Suter, Martin «Allmen et la disparition de Maria» (2015)

Suter, Martin «Allmen et la disparition de Maria» (2015)

4ème enquete de Von Allmen..

Résumé : La nouvelle enquête du détective zurichois prend une tournure peu ordinaire lorsque Maria, l’amie de son dévoué serviteur Carlos, est enlevée. La rançon exigée conduira les deux hommes à croiser des personnages bien singuliers… Spécialisé dans la recherche d’œuvres d’art, Allmen fait preuve de perspicacité et navigue avec flegme et aisance dans les milieux artistiques. De surprises en rebondissements, mais toujours avec élégance, il dirige brillamment son enquête et l’on se délecte à le suivre dans cette nouvelle aventure !

Mon Avis : 190 pages. C’est la suite du précédent. Je pense même qu’il faut avoir lu « Allmen et les dahlias » avant. Et même là, j’ai trouvé cet opus décevant, au niveau de l’intrigue car l’humour est toujours bien présent. Mais cette série est davantage un prétexte à la peinture d’un monde en voie de disparition qu’une série policière. Alors goutons de la plume de l’auteur et oublions le reste… Par contre j’ai bien aimé la face cachée Allmen, qui se soucie de Carlos, qui modifie son comportement en conséquence.. Derrière le dandy, l’homme de cœur sommeille… et un petit indice sur qui est à l’origine le personnage principal de la série..

Extraits :

le bref éclat de rire avec lequel les gens dont l’emploi du temps est désespérément saturé réagissent à une proposition de rendez-vous.
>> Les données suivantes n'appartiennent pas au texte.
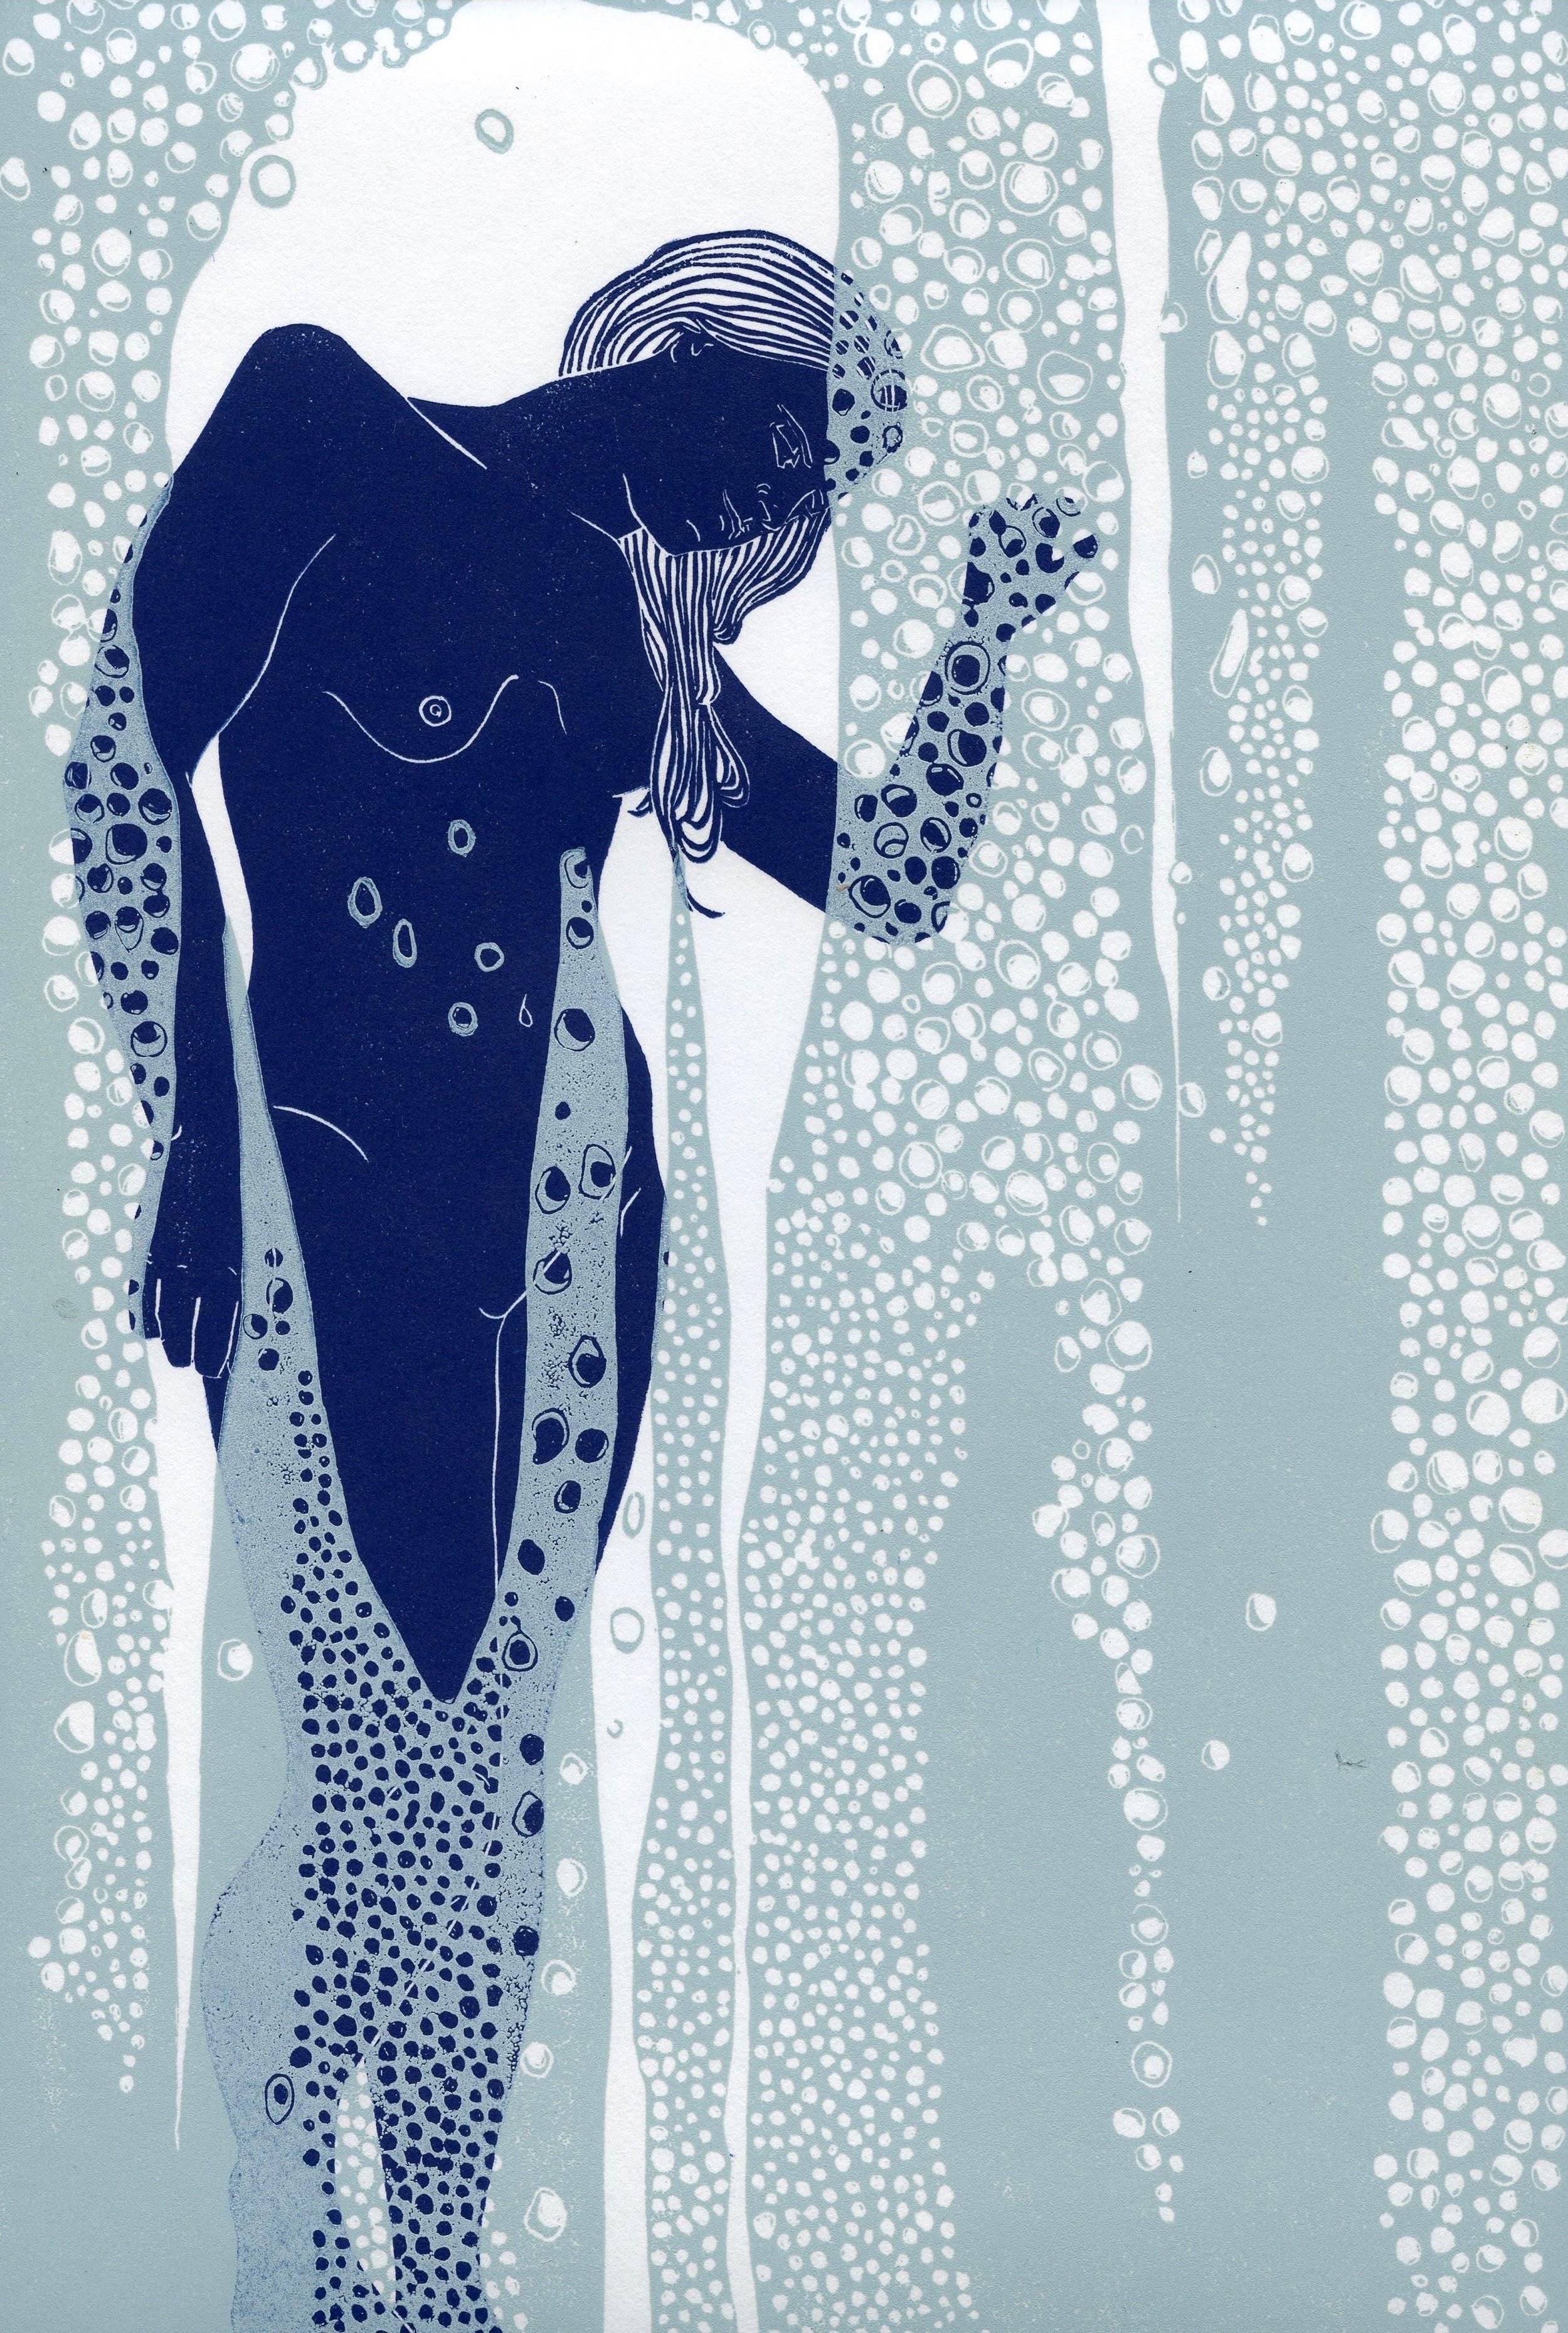 Nude Behind Shower Glass, female figurative Linocut original print, Unframed

Plus elle faisait de vacarme, plus elle criait, plus elle trépignait et couinait, plus la panique montait en elle. Elle se cabra comme un animal pris au piège jusqu’à ce que ses forces l’abandonnent.

Elle avait souvent cru déceler en lui une tendance à fermer les yeux pour ne pas voir les choses désagréables de l’existence.

Ne rien faire lui était devenu insupportable. Mais à présent qu’il avait trouvé une activité, il était bien forcé de constater qu’elle ne le distrayait pas non plus.

Ce qui, parfois, le maintenait éveillé, ce n’étaient pas les soucis. C’était l’insouciance qui, de temps en temps, l’empêchait tout simplement d’aller dormir.

Au Guatemala, un « petit problème » pouvait avoir toutes les dimensions imaginables,

Le bruit le plus puissant à l’intérieur de la voiture provenait du bref bégaiement de l’un des balais d’essuie-glace, une fois sur deux, lorsqu’il revenait sur sa course.

Car il ne mesurait pas la richesse d’un homme à l’argent qu’il possédait. Mais à celui qu’il dépensait.